Fighting Celebration! Jagr was trying to make a guillotine maneuver! However, this is not a complete cleanup of the player benches if the goalkeepers were not involved too.And I have never seen people fighting two on one in a hockey brawl, what a cowardice.
Sven M :
So, it’s time for someone to teach Fedor [Emelianenko] to skate.
Reppin 4rm Big D to Jrzy :
This is what we’re talking about … if Russia wants to advertise itself as tough guys fighting the USA, then it is the goalkeepers talking team on team in the middle of a fight that deserve, from the Russian point of view, punishment.
Norseman :
Cool, when their benches were empty, they also let the guys out of the penalty boxes. That’s anarchy.
jrh3526 :
It reminds me of bloody rivalries between teams … it’s great to watch, but fights like this, with empty benches, are a thing of the past in the NHL.
habs1rule :
Oh, seven casualties reported, penalty boxes crushed …
NHL_SharksFinatic :
Yes, it was quite exciting.It looks like some players were preparing for the Summer Olympics … forget about MMA, the KHL has to think about wrestling techniques.
Something amused me.
1. Goalkeepers. In my opinion, they looked incredibly funny just by spending time there. There was absolutely no need for them to fight, so they stood, talked about how stupid the teams looked from their point of view, and continued in the same spirit.

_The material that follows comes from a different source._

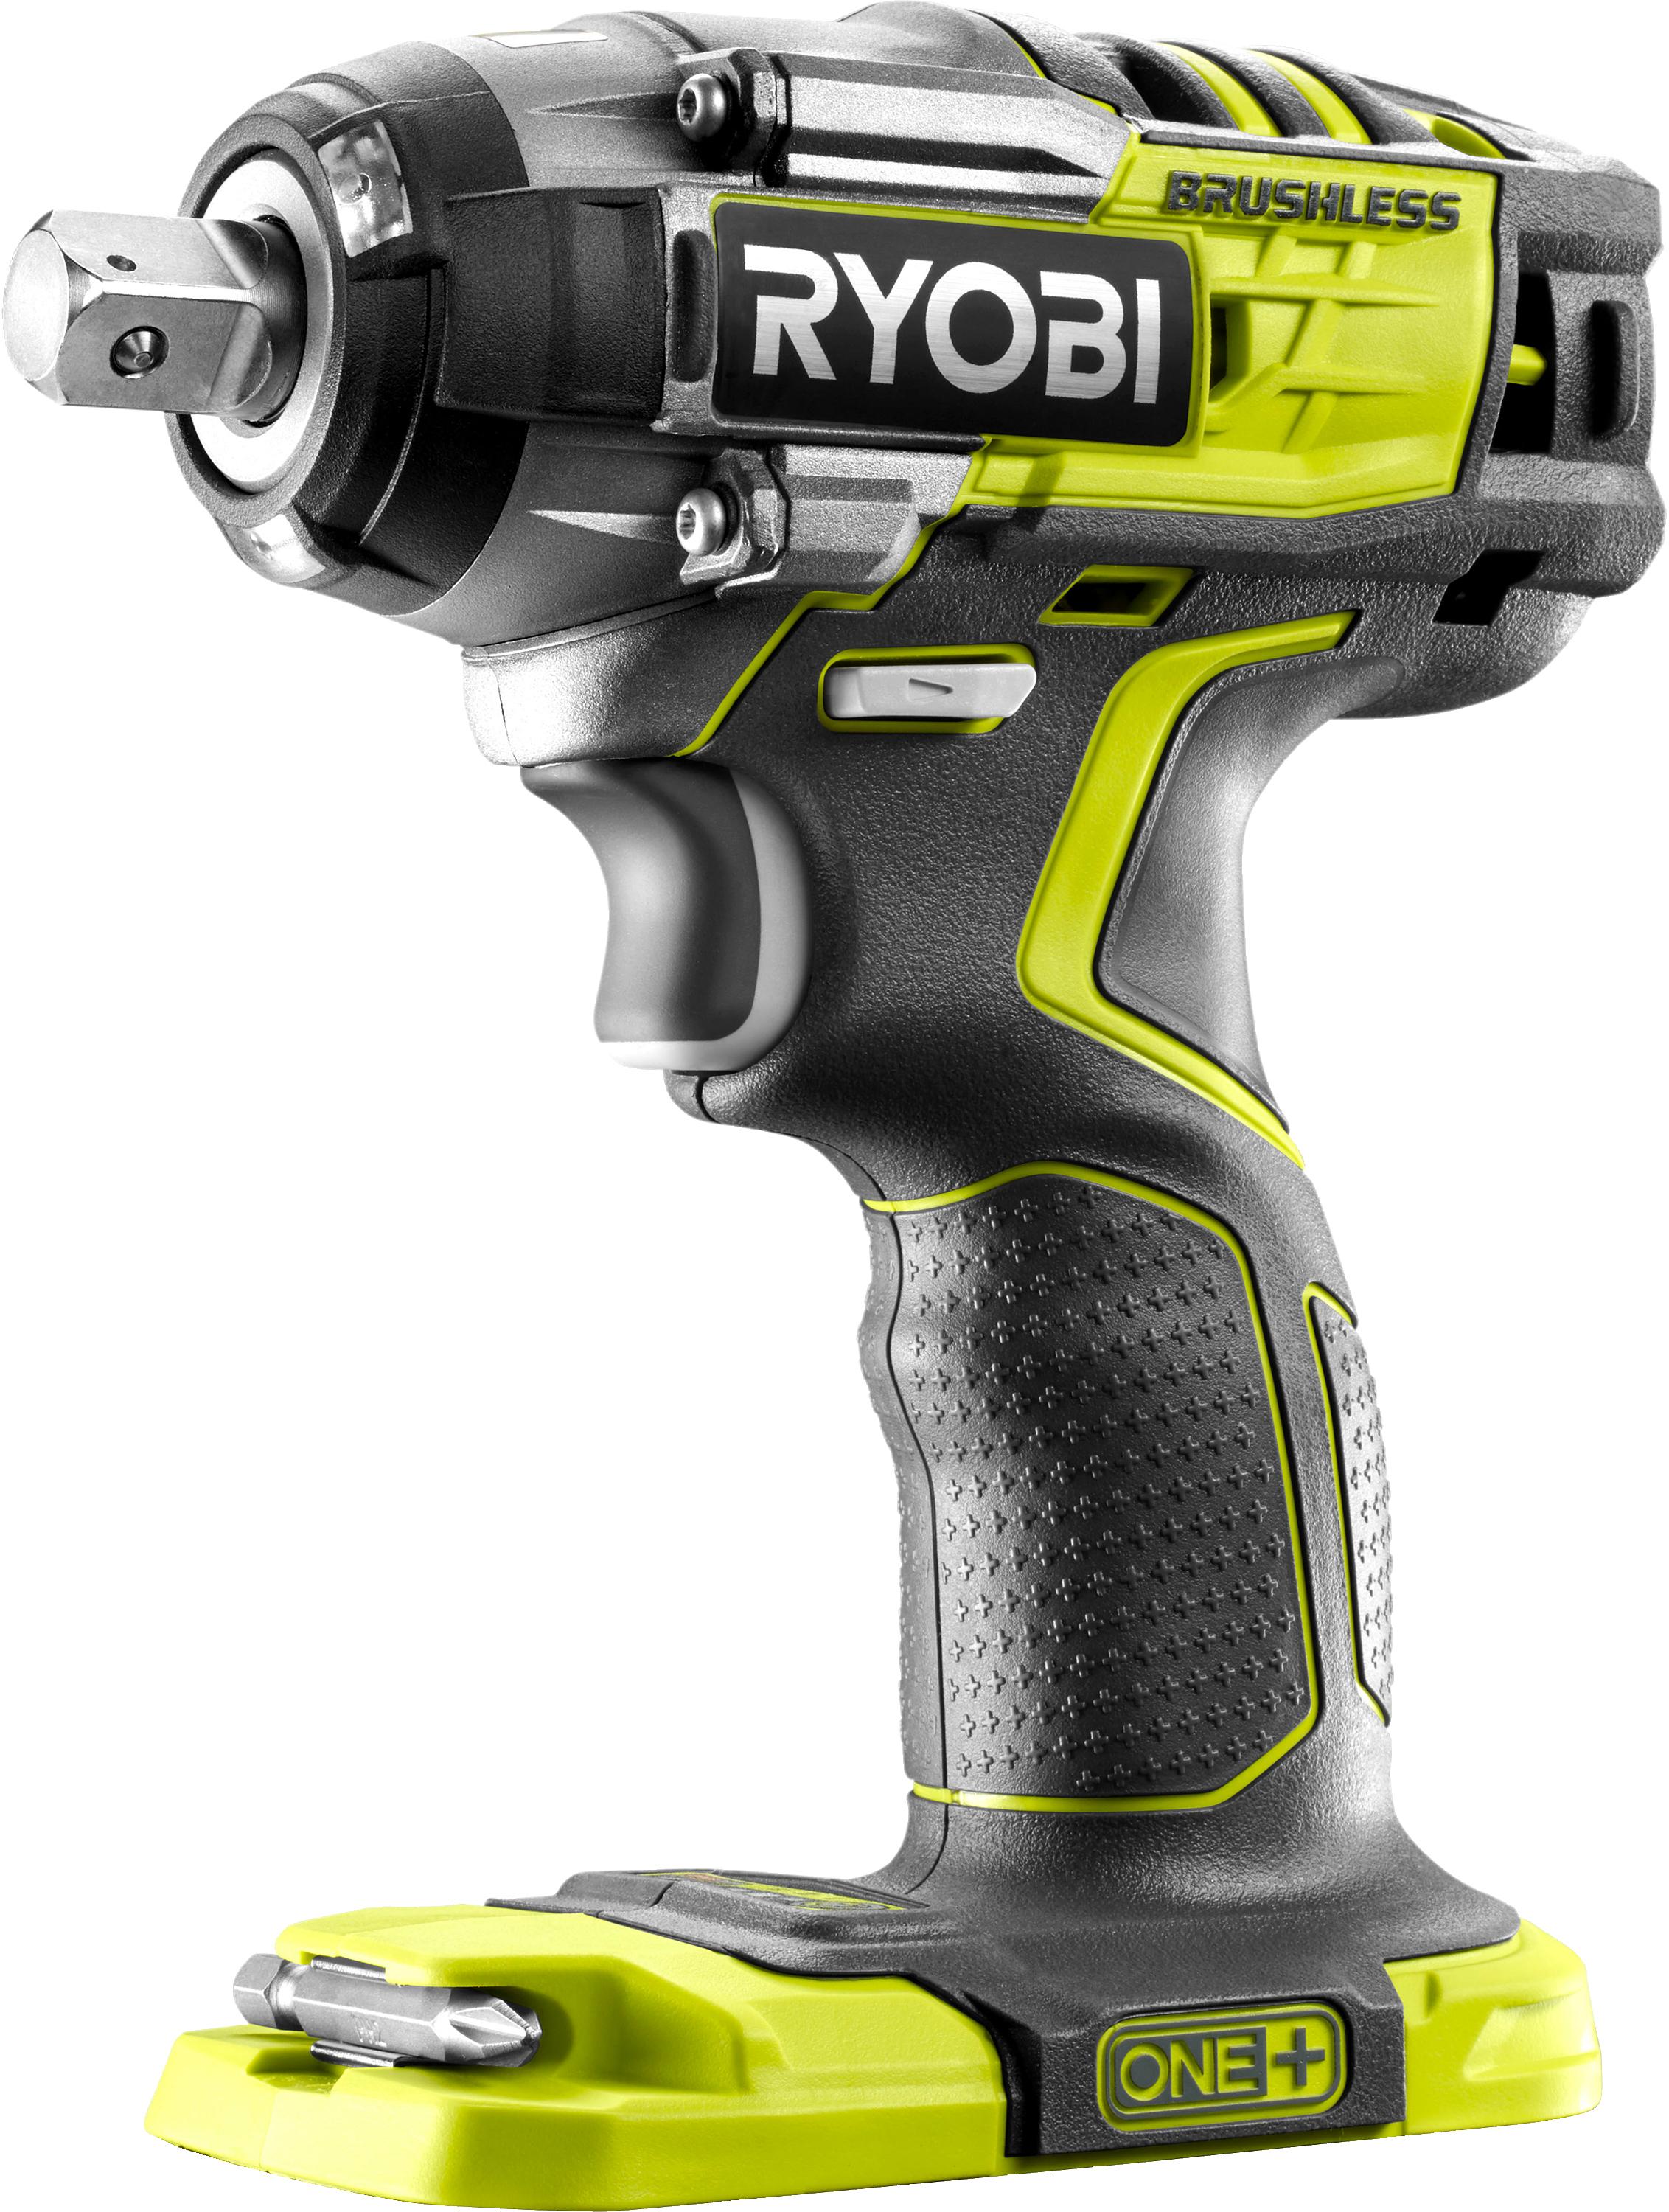 Ryobi R18Iw7-0 One+ Brushless Impact Wrench

2. Completion of fights. After knocking out (or at least trying to knock out) the other guy’s brains, they just hugged each other.And then they on their own suddenly stopped fighting and, as if nothing had happened, rolled away.

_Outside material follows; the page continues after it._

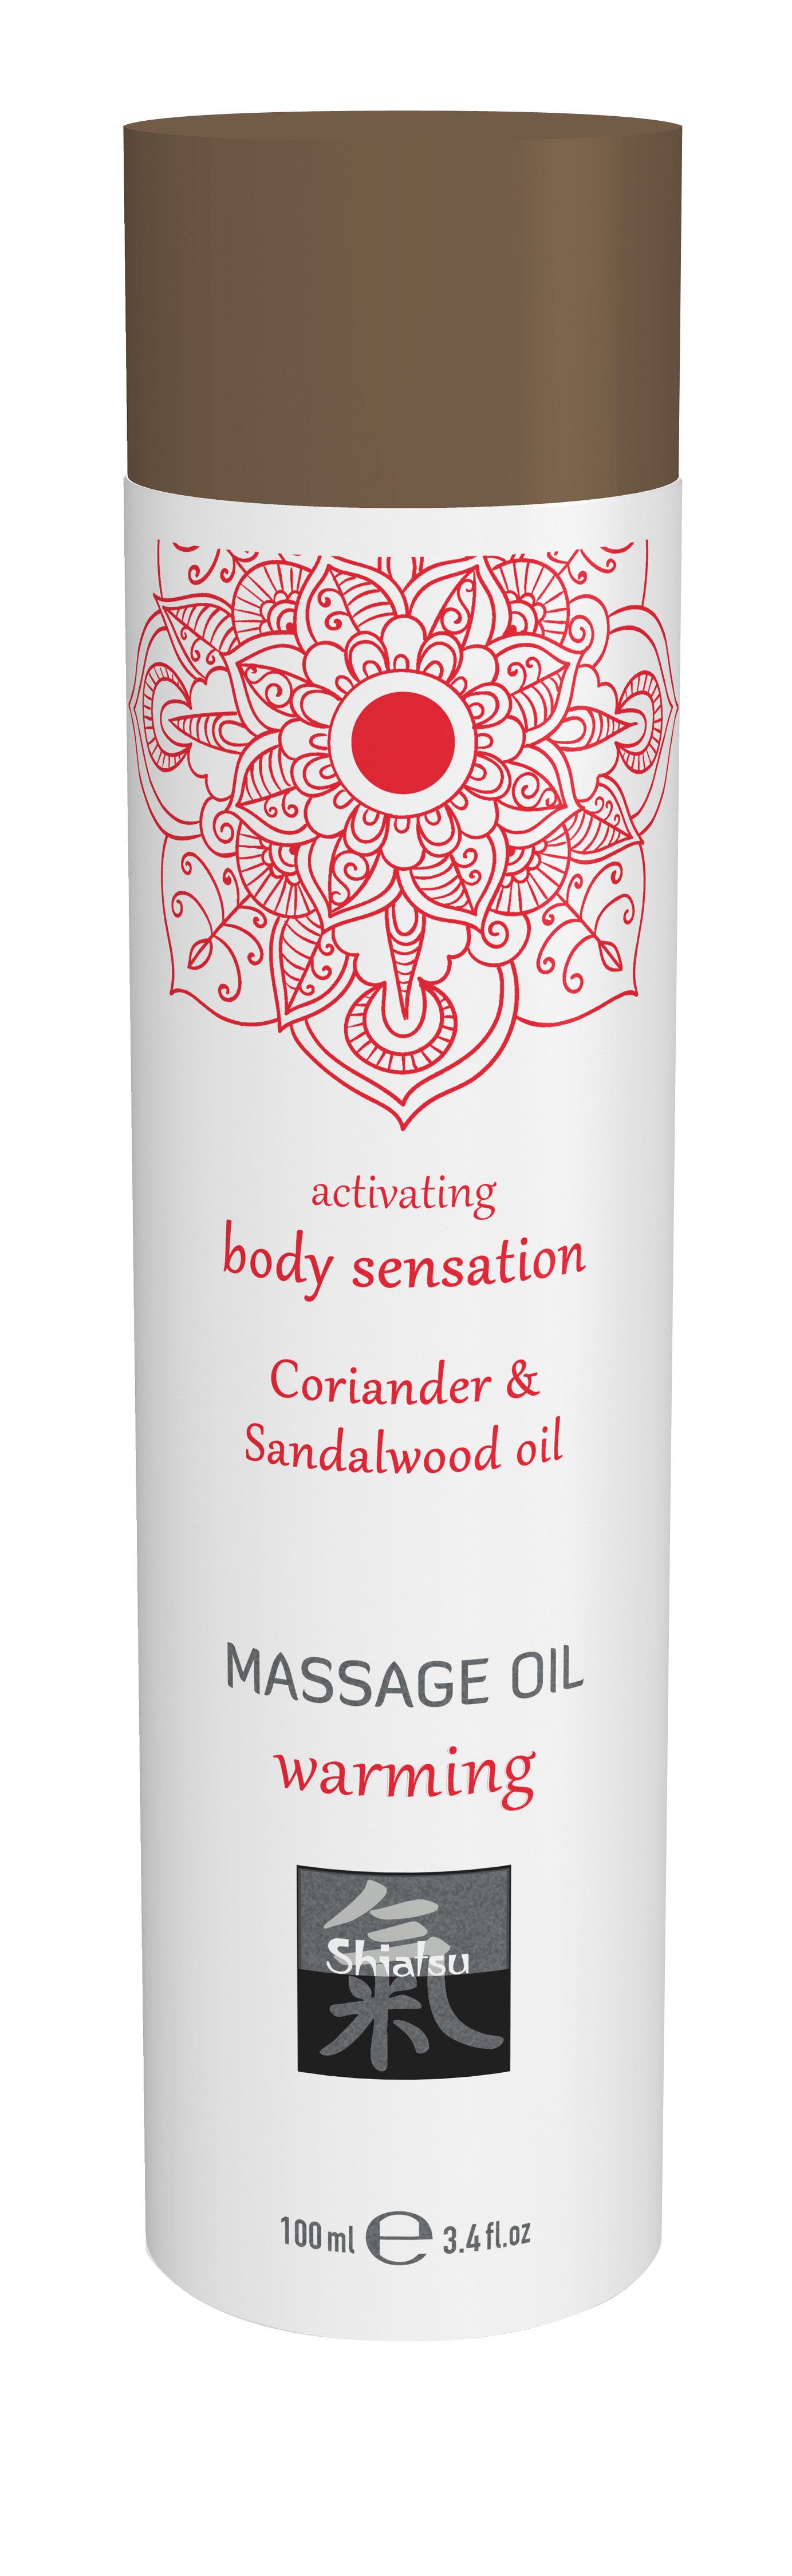 SHIATSU Massage oil warming Coriander & Sandalwood oil 100ml

Ron L. Detroit Sports Nut! :
Yeah, the crowd of 3849 people got an incredible show in this match!
Adam :
Great. The fans love it, people talk about it. Here’s what we need to do – not use this kind of fighting to stop fighting, but to teach people the meaning of the game in general.
chickenseizure :
Cool! This is better than anything that has happened in the NHL since almost all contact wrestling was banned. It’s sad that Russian hockey is cooler than North American.
Gothica :
Want to keep fans interested, Gary Battman [head of the NHL]? Let the fighters do their job and stop emulating the Finnish League. Things like this can happen once a season, but let them be! You will attract more fans if they can catch glimpses of what happens when two teams that can’t stand each other collide.Like these two.
Caligiuri Fan :
Is this the Russian version of Hanson Brothers?
waldrons @ :
This is the reason that after the attack on the guy, they just rolled to the side and hugged each other: they have respect for each other …
Bettman’s Nightmare :
It is simply impossible for hockey to defend such fights. There is no “code of honor” here.Fortunately, this is the KHL, so no one is watching anyway, but when such fights happen in the NHL, it can be difficult to explain what happened to fools who don’t know anything about the sport.
The Puck Report :
It is great to see the unique North American contribution to the prosperity of overseas hockey.
chris c :
So, Jagr started wrestling or wrestling ???
Allan :
Foolishness reigns today.The fans who paid a lot of money to see the hockey prowess turned out to be more interested in this “hockey waltz”. The only thing missing was the music … Now switch parterres, one to the left, two to the right. Like a good fight? Then change your sport and watch mixed martial arts. They also don’t use clubs.
Lucy :
So this is the whole point of hockey ????? It’s just disgusting. We must remember that the game began on flooded areas on the street, and real men played there, and they did not start such fights as they do today (if they can be called men at all).Just play hockey. And if you want to fight – go into boxers … Go back to real hockey !!!
Derek Speed :
Finally, the Russians have learned to play Canadian hockey, now they have to bring up quality players in the next five years !!!
mysteryacid :
Here’s another reason why the KHL are clowns … Most KHL players are a bunch of “exes”, and they will never become “real”. What else to expect other than weak hockey and a classless brawl.
jasonicus :
Just a clinic … And the KHL still wants to compete with the NHL? How, how, how.
lester :
It seems that neither the players nor the stands needed hockey.
Vincent L :
Wow, it’s good to see that Ray Emery made a positive impact based on his experience with the Senators. Those were the good times when the Sense fought the Sabers and the Flyers.
Cynthia :
Just ridiculous.I would be very angry if I only got this for my money. What a worthless bunch.
Adam B :
How many people were there? About 3.5 thousand? How, then, can a league be profitable given their players’ salaries?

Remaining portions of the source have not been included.